Time Period3 Months [change]
DirectionMoves Together 
StrengthWeak
Accuracy100.0%
ValuesDaily Returns

US Silica Holdings  vs.  Japan Tobacco ADR

 Performance 
       Timeline  
US Silica Holdings 

Risk-Adjusted Performance

14 of 100

 
Weak
 
Strong
Good
Compared to the overall equity markets, risk-adjusted returns on investments in US Silica Holdings are ranked lower than 14 (%) of all global equities and portfolios over the last 90 days. Despite somewhat inconsistent fundamental indicators, US Silica sustained solid returns over the last few months and may actually be approaching a breakup point.
Japan Tobacco ADR 

Risk-Adjusted Performance

5 of 100

 
Weak
 
Strong
Modest
Compared to the overall equity markets, risk-adjusted returns on investments in Japan Tobacco ADR are ranked lower than 5 (%) of all global equities and portfolios over the last 90 days. In spite of fairly strong basic indicators, Japan Tobacco is not utilizing all of its potentials. The current stock price disturbance, may contribute to short-term losses for the investors.

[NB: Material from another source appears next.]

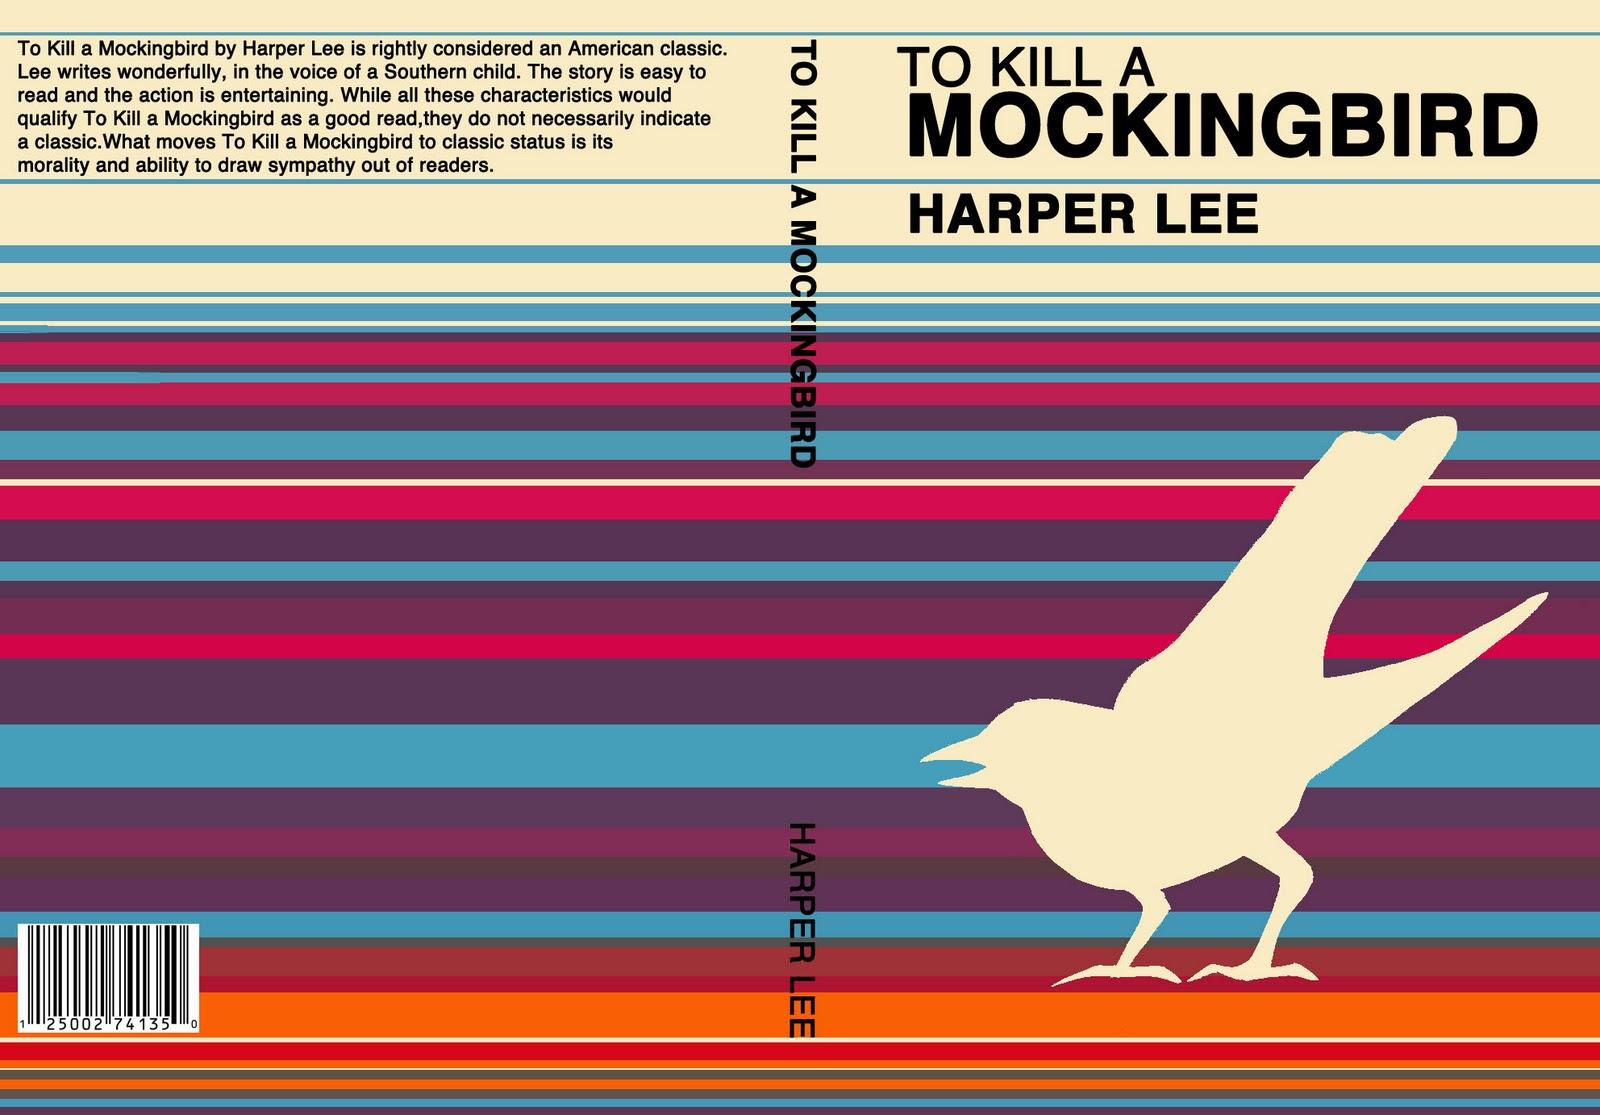 essay about to kill a mockingbird racism Huckleberry finn book report to kill a mockingbird racism essay spelling homework helper order a essay.
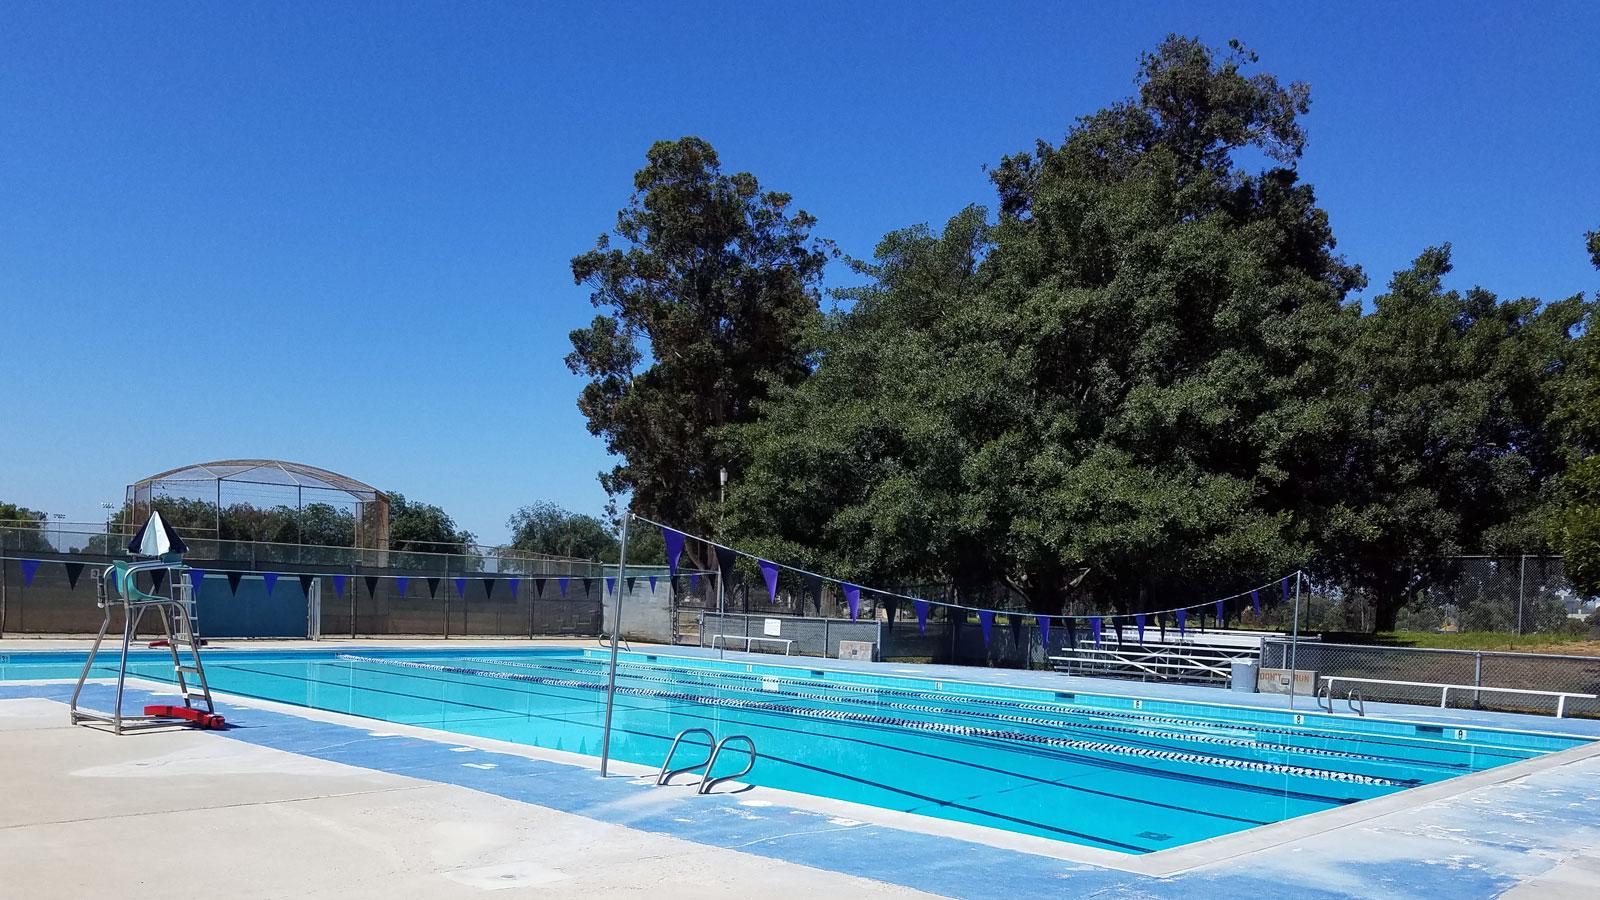 Kearny Mesa Pool City Of San Diego Official Website

US Silica and Japan Tobacco Volatility Contrast

   Predicted Return Density   
       Returns  

Pair Trading with US Silica and Japan Tobacco

The main advantage of trading using opposite US Silica and Japan Tobacco positions is that it hedges away some unsystematic risk. Because of two separate transactions, even if US Silica position performs unexpectedly, Japan Tobacco can make up some of the losses. Pair trading also minimizes risk from directional movements in the market. For example, if an entire industry or sector drops because of unexpected headlines, the short position in Japan Tobacco will offset losses from the drop in Japan Tobacco's long position.
The idea behind US Silica Holdings and Japan Tobacco ADR pairs trading is to make the combined position market-neutral, meaning the overall market's direction will not affect its win or loss (or potential downside or upside). This can be achieved by designing a pairs trade with two highly correlated stocks or equities that operate in a similar space or sector, making it possible to obtain profits through simple and relatively low-risk investment.
Check out your portfolio center.
Note that this page's information should be used as a complementary analysis to find the right mix of equity instruments to add to your existing portfolios or create a brand new portfolio. You can also try the Pattern Recognition module to use different Pattern Recognition models to time the market across multiple global exchanges.